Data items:

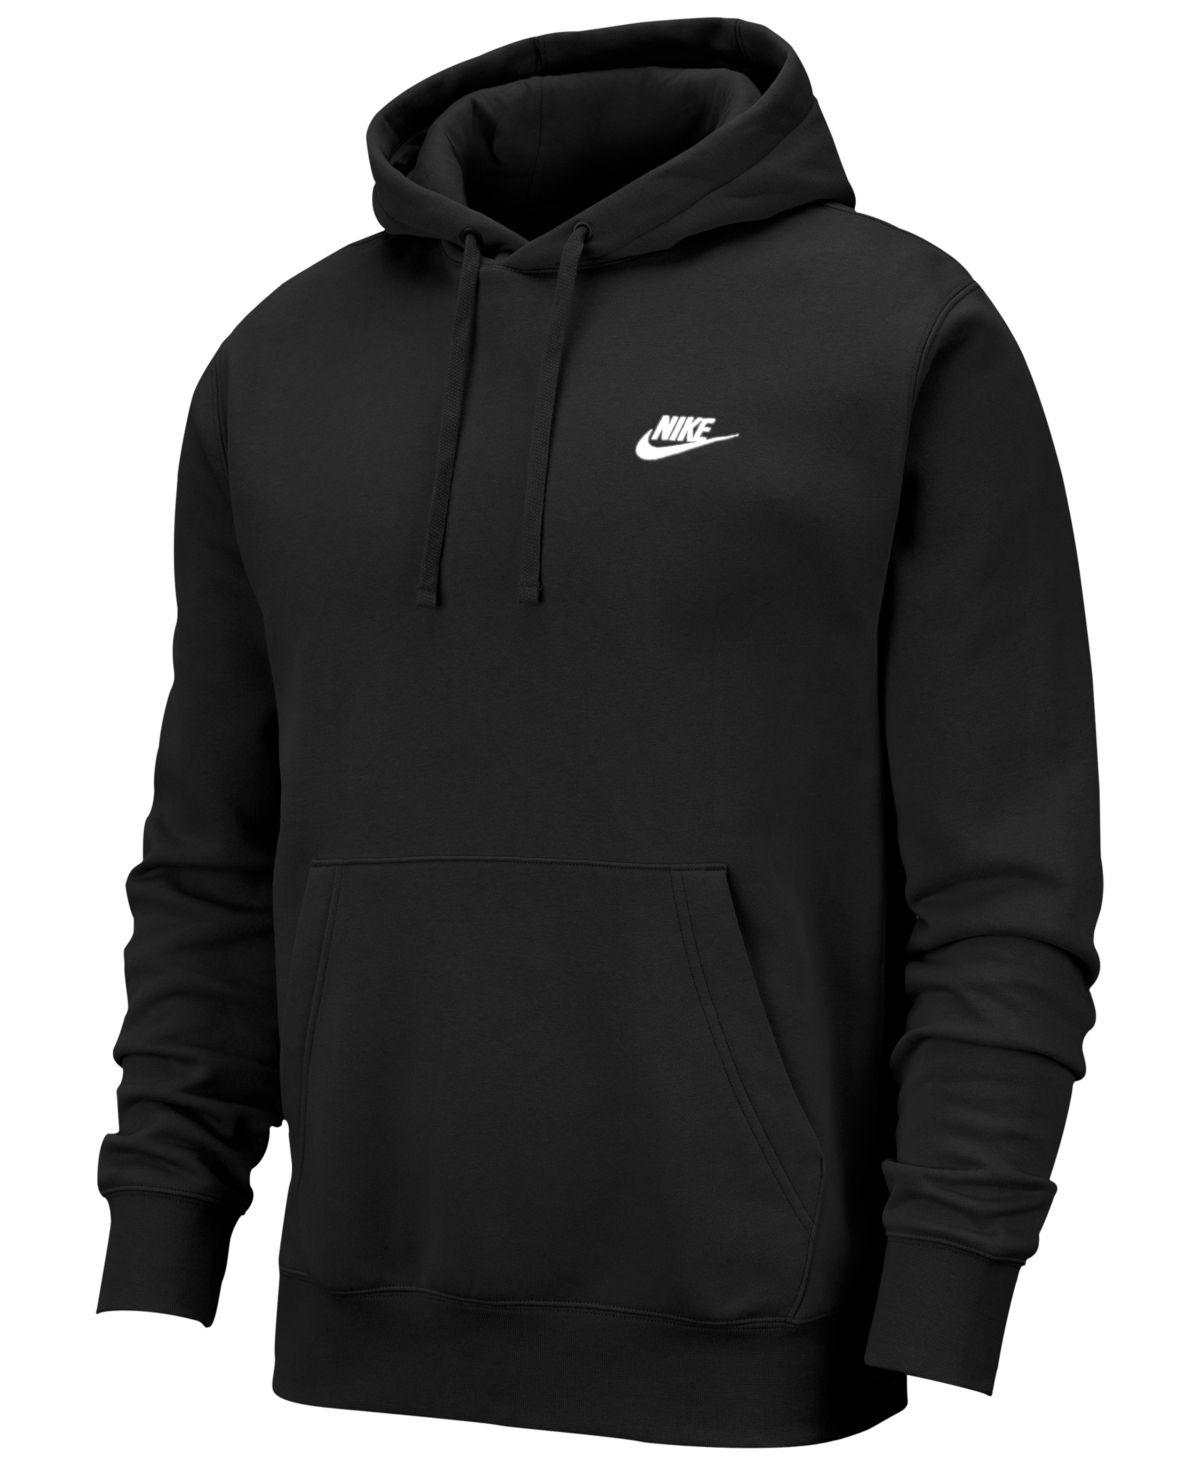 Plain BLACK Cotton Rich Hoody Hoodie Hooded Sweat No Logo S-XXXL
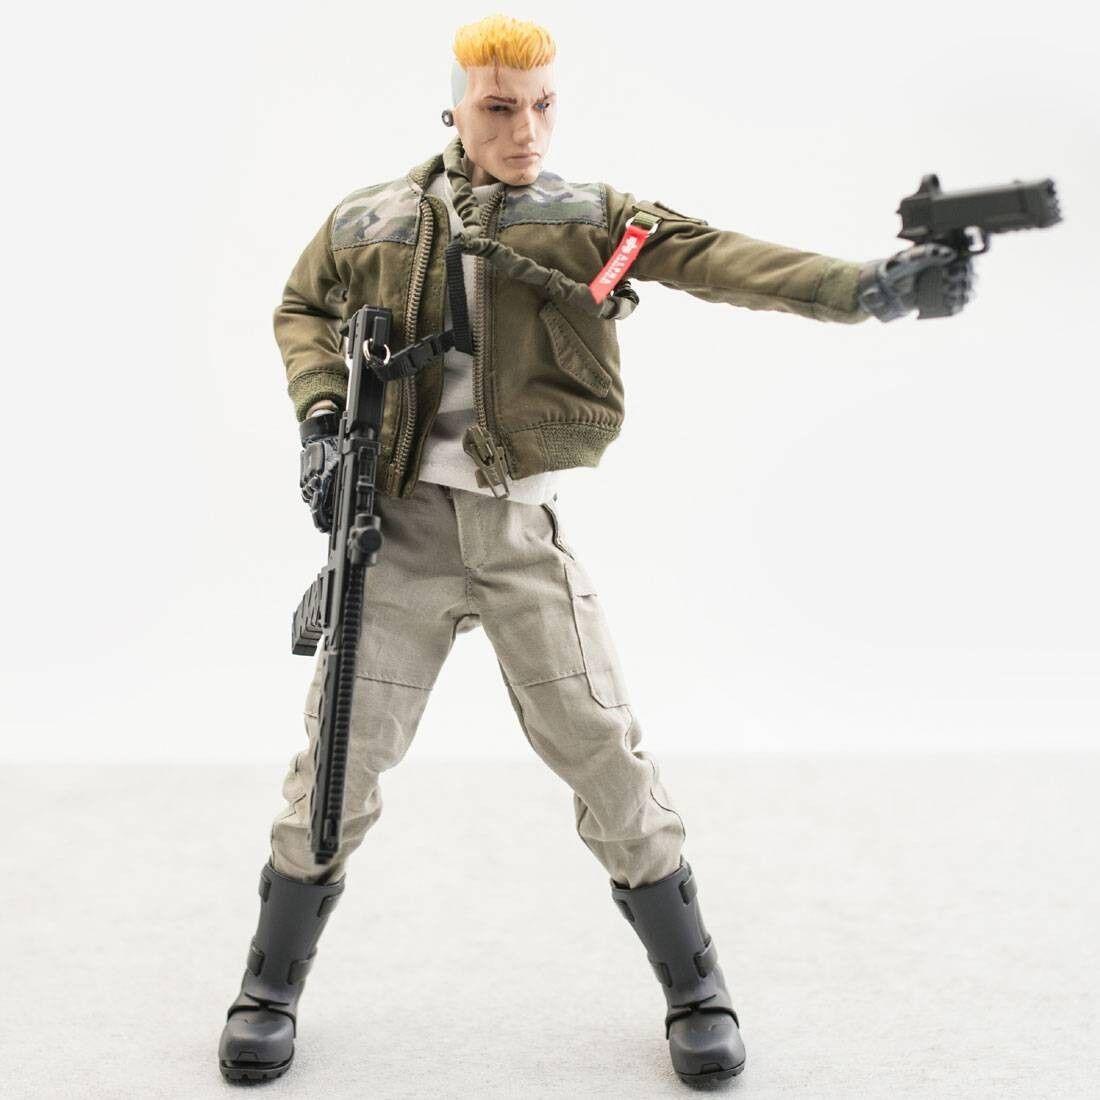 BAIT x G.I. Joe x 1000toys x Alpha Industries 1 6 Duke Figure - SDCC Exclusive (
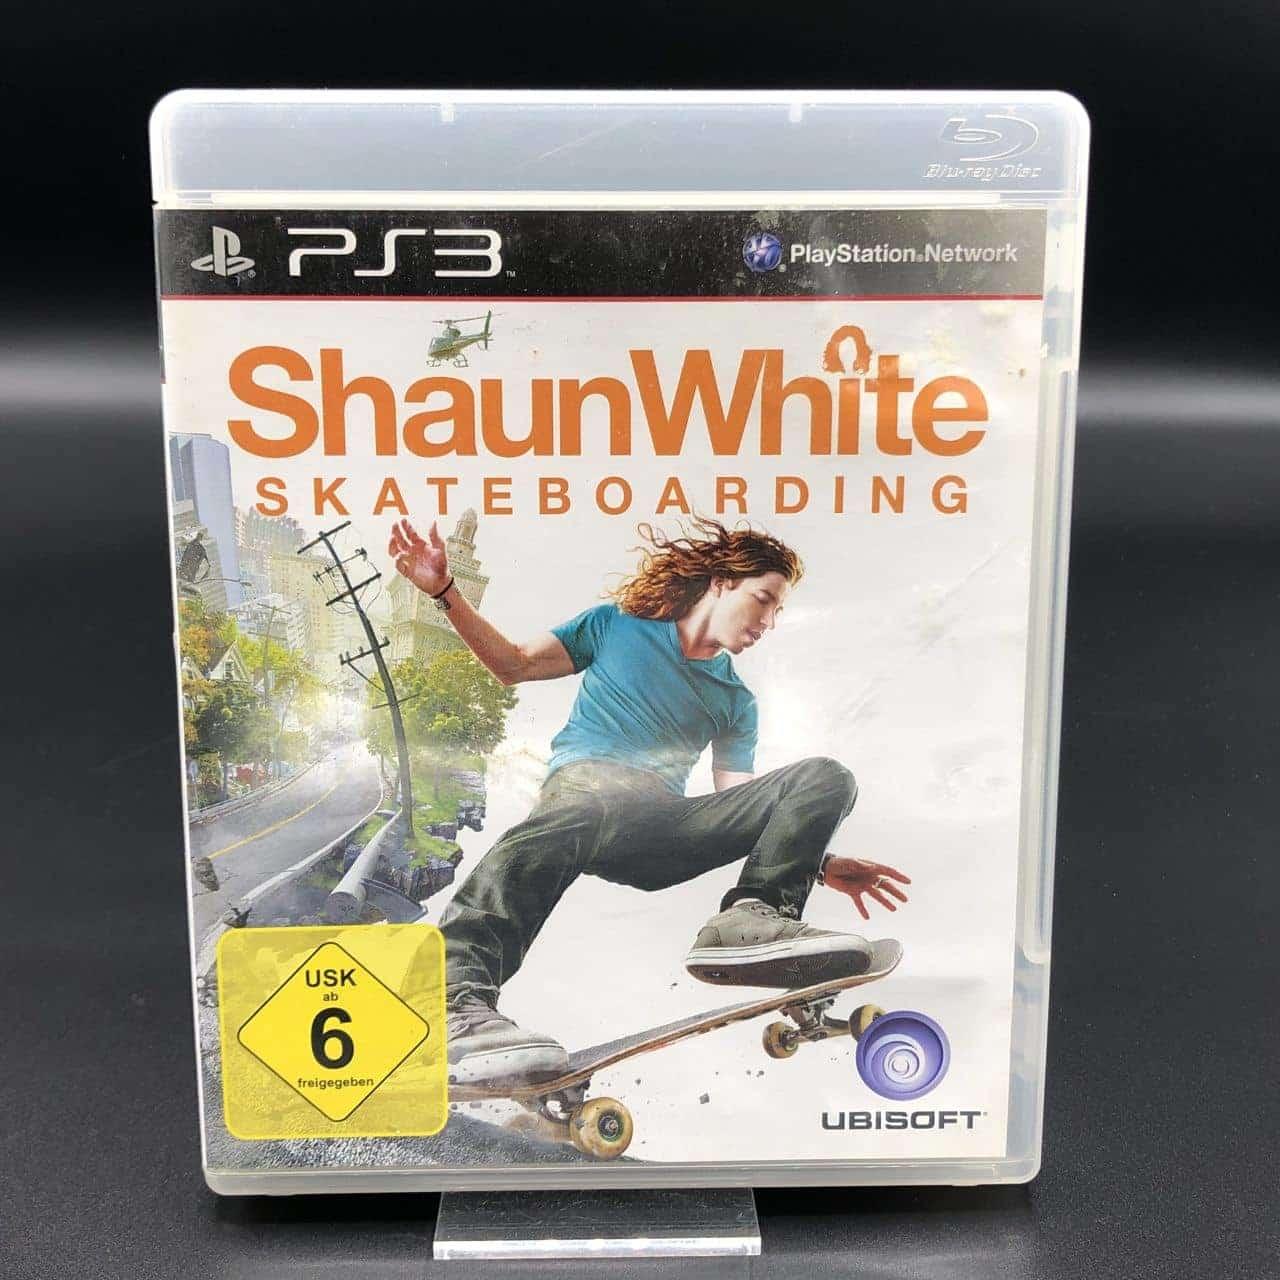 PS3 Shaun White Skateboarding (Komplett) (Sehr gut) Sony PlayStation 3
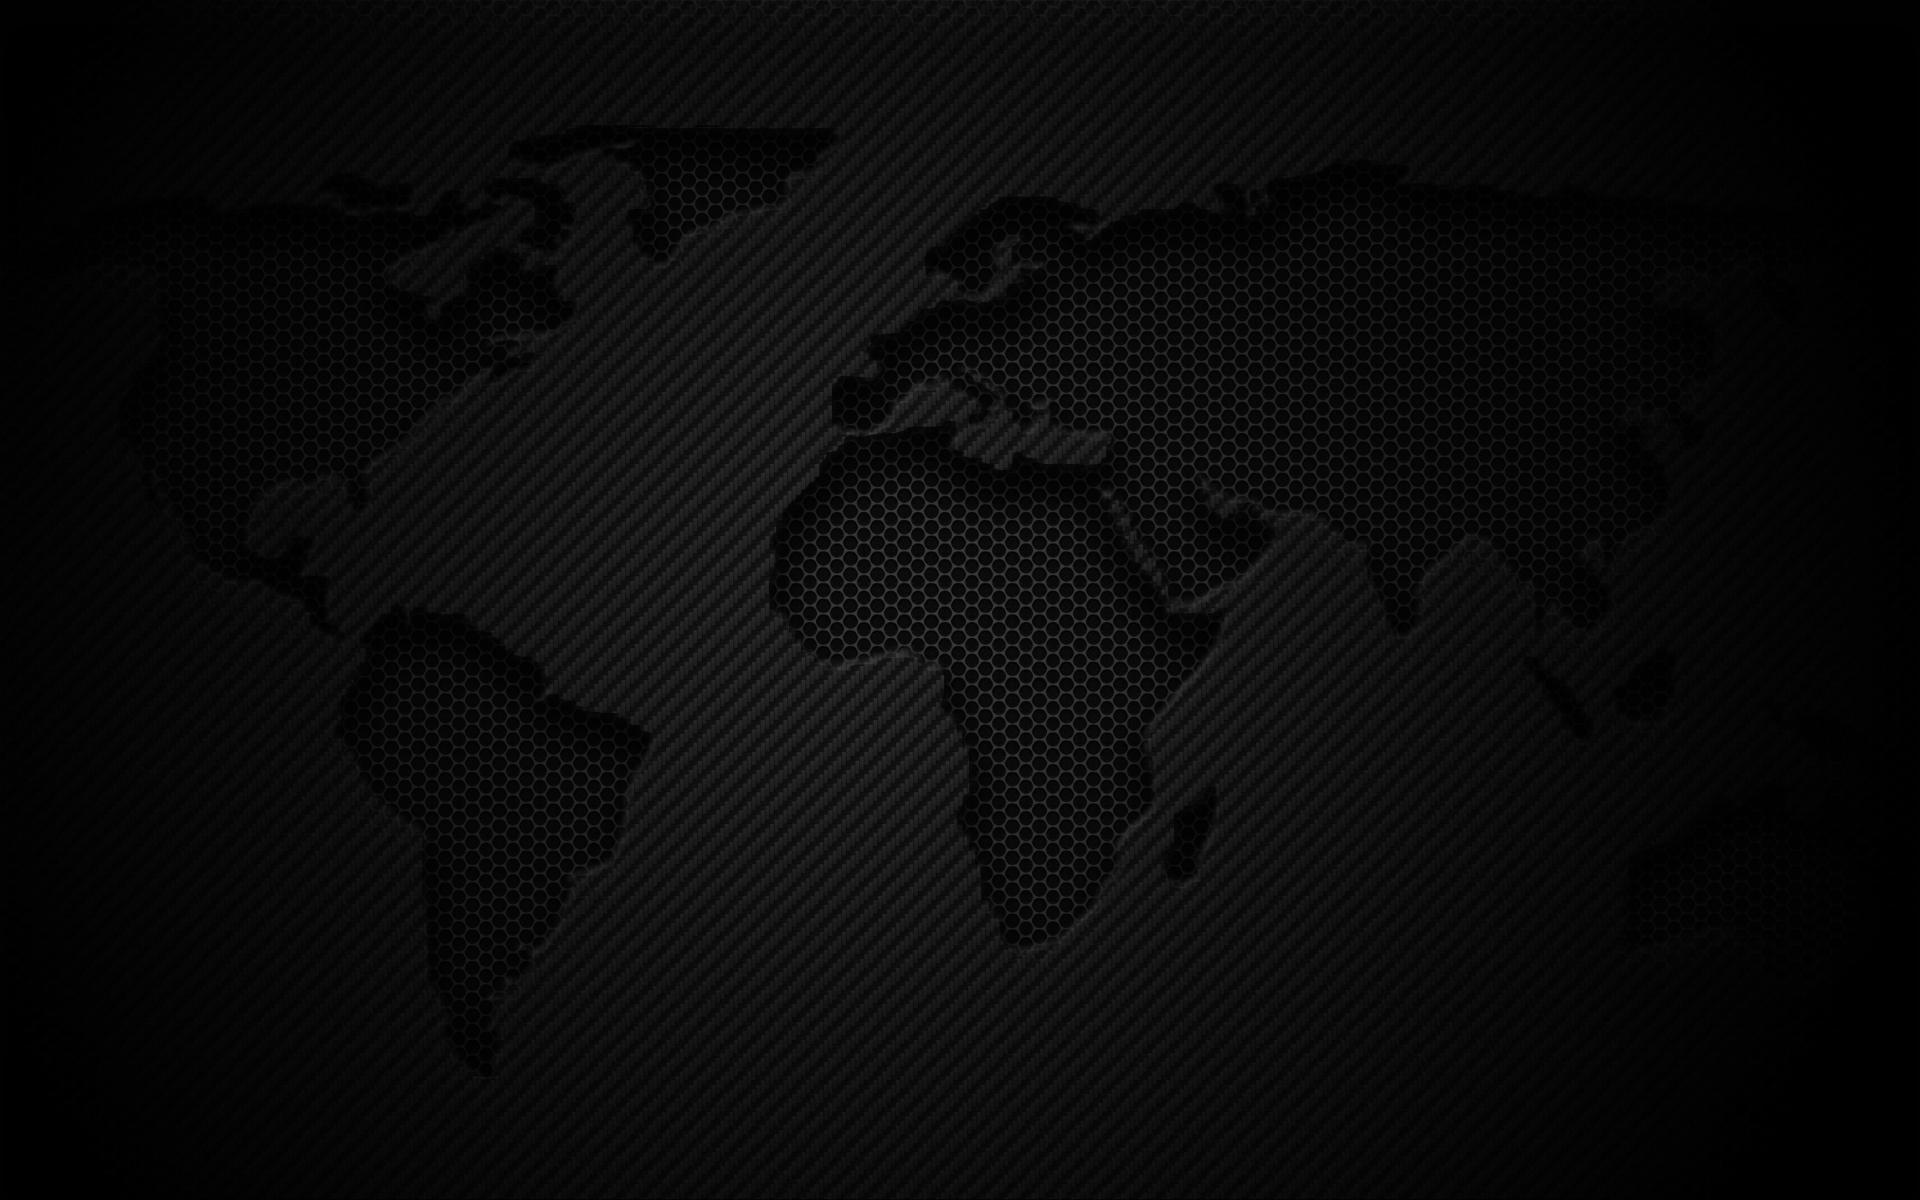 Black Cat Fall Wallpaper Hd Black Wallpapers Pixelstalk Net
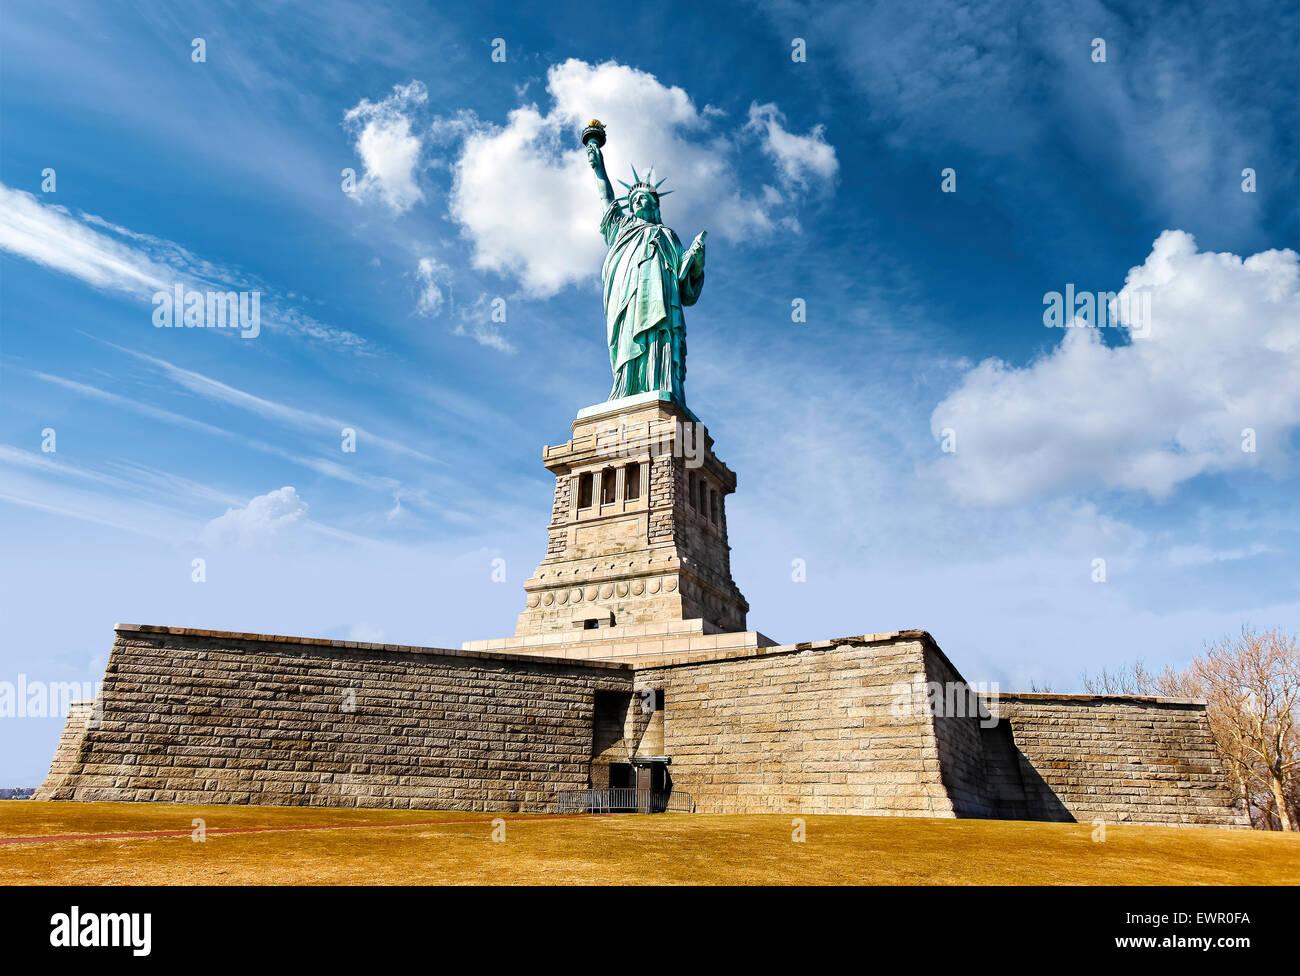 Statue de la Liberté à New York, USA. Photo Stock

Work item:
Please retype the entries above word for word, but only from the line containing "Black Cat Fall" through the last line, and without the pictures.

Finished exercise:
 Black Cat Fall Wallpaper Hd Black Wallpapers Pixelstalk Net
 Statue de la Liberté à New York, USA. Photo Stock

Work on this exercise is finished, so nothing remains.